The chaos and violence have made life in their home country impossible and they feared especially for the safety of their three girls, Mariam, Aziza and Iman*. But they are unusual in that this family, brought up in the majority faith, also turned to Christ and are fleeing religious persecution from their relatives.
This took them initially to Lebanon’s Bekaa Valley, and later, to another part of the country, where they cannot be threatened by family members and the girls are not required to be taught in the faith they used to hold.
It is Fatma who tells the family’s story because Ibrahim experienced the country’s arbitrary violence long before the present conflict. He was mistakenly arrested and tortured and can now barely speak – his vocal chords were so severely damaged.
It was over 13 years ago that the family began the spiritual journey that took them from their home country.
We were raised to know that Christians and the Christian religion are not good,”
“Ibrahim’s brother came to Lebanon and came to believe in Jesus through meeting Christians here,” Fatma explains. But Fatma wore the veil and was committed to her religion. “We were raised to know that Christians and the Christian religion are not good,” she says.
When Ibrahim and Fatma married, they moved in to live with Ibrahim’s family, but his brother’s excitement about Christ angered her. “He was always telling us about the love of Christ for us. He told us there is a Christ who will save you and give you eternal life. We asked ‘Why do we need Jesus when have our own beliefs?’
Not wanting this pressure, Fatma told her husband “I don’t want to live with my in-laws any more” and they left the house.
Answered prayer
After this, Ibrahim inherited some money, bought a car and started work as a taxi driver. But there was a problem: “The car was always breaking down. It was a piece of junk and we couldn’t sell it,” Fatma says. “Ibrahim’s brother told us to pray and ask the Lord: he will listen to you. She said OK, I don’t believe but let’s ask. The second day after our request the car was sold. We said it seems there is a God and he can hear us: is it possible? This was our first prayer and Jesus answered it.”
Fatma describes this time as “a period when we were not following our former religion and we were not Christians. It was a doubting period. It was not easy to live all your life as one thing and then decide to become a Christian,” she says.
Asking for a sign
To take a step as big as this, she says they needed God’s help. “We said, ‘Please, Lord, if you are the God we read about, that everybody is telling us about, please show yourself – any sign, any sign.”
The sign came in the form of a dream: “I saw a hand holding my hand and saying ‘Come with me’. This hand was leading me and pointing to a Bible and said ‘You will find the truth here’. So the couple started going to a church and “reading more and believing more”.
We were not 100 per cent Christians.
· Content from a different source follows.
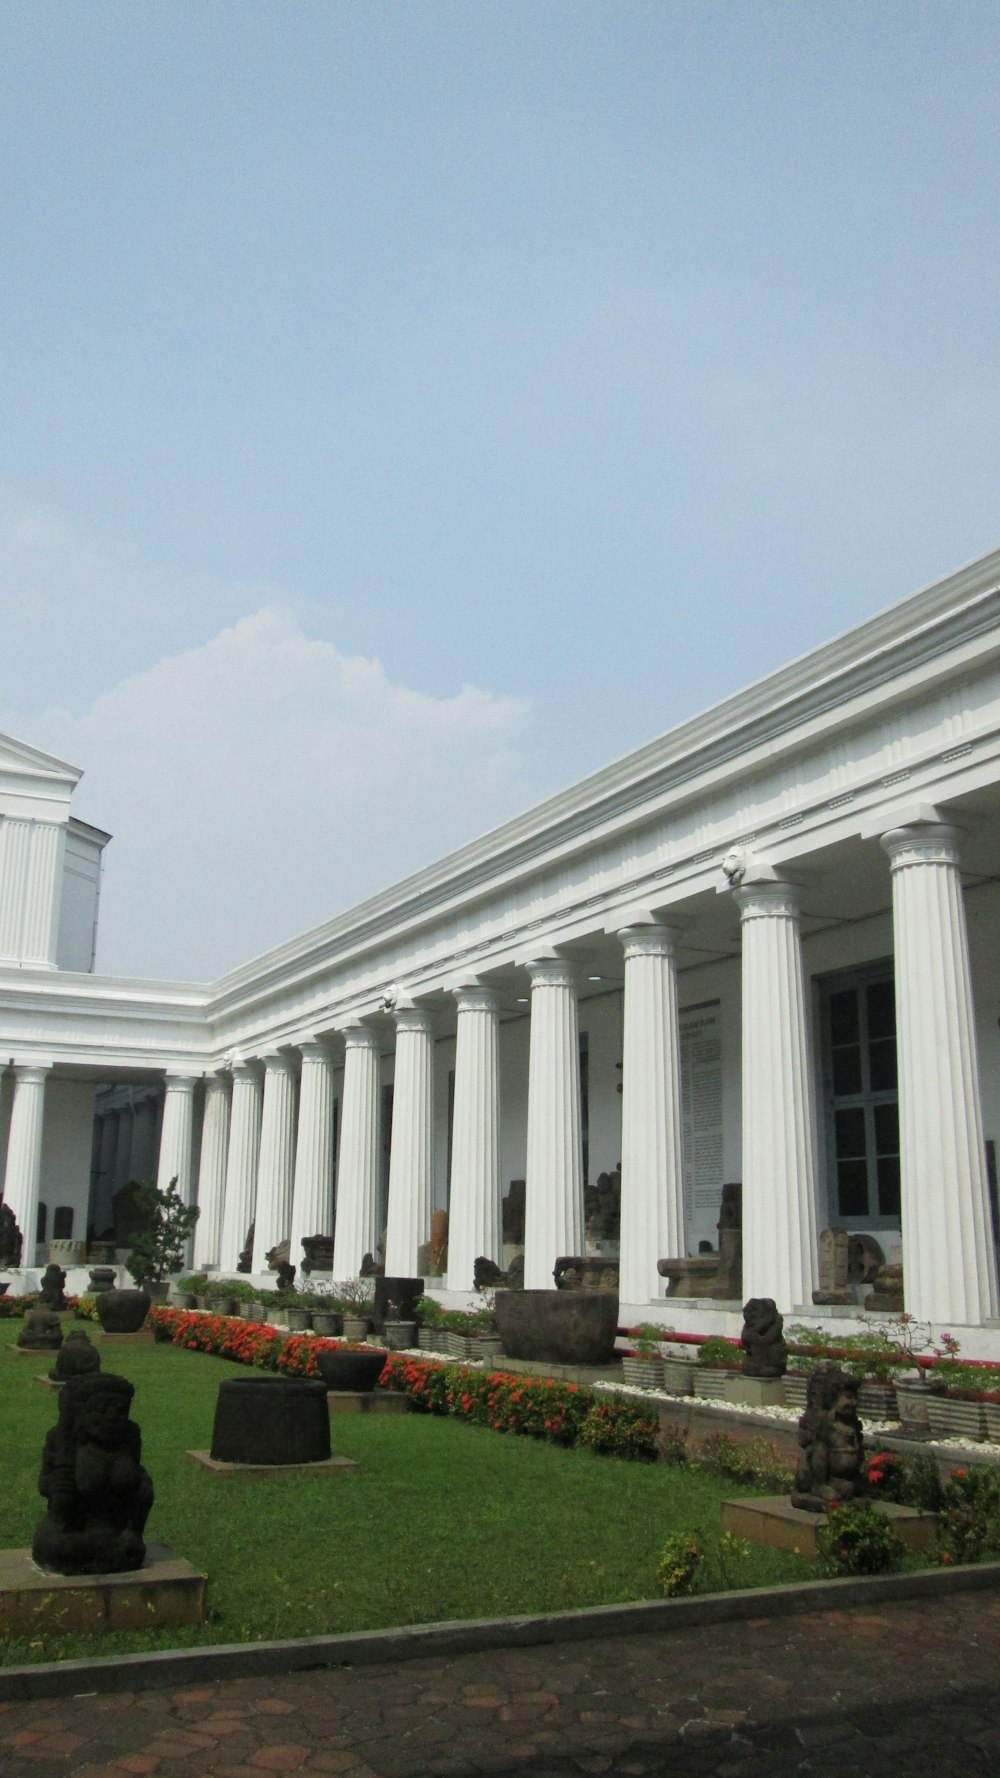 a building with columns and a lawn in front of it

I don’t think we were strong enough”
As time went on Fatma says she started wearing a smaller and smaller veil – slowly pushing it back a bit more, she chuckles. “We were going to the church but we were not 100 per cent Christians. I don’t think we were strong enough and we didn’t know a lot of things.”
Then came the crunch point. “One day a man from our family came and asked us why are you praying to Jesus, why are you believing Christianity? We were at a family gathering.”
Ibrahim, who had already taken this step stood up and said “Yes, I am a Christian,” and walked out of the room.
“They told us, ‘Go away, we don’t want you any more’. They all looked at me waiting to see what I would do. I thought if I stayed I would have a very difficult time convincing them I am a Christian too. I stood up, took off my veil and followed my husband.
She continues: “This was a step that made us stronger but still we had some weaknesses. But as time went on, we still had difficulties with the family: we were not accepted.”
Like many who have trodden this lonely path away from their own community, a time came when Fatma questioned her decision. “At one point I had doubts: had I done the right thing? I didn’t want to be isolated, to be different from other people.
“I asked God: ‘If you are there, please will you send rain tomorrow’. It was August when it doesn’t rain, and the next day was a bright morning. Then in the evening Ibrahim came in and said ‘Do you know what’s happening outside?’ I said ‘Is there trouble?’ ‘No,’ he said, ‘it’s raining’.
“This was amazing,” Fatma smiles. “God had sent rain on the whole land just for me. I knew then if God could do this for me, he must love me very much. From that we gained real strength and power, and I thought we will never leave God.”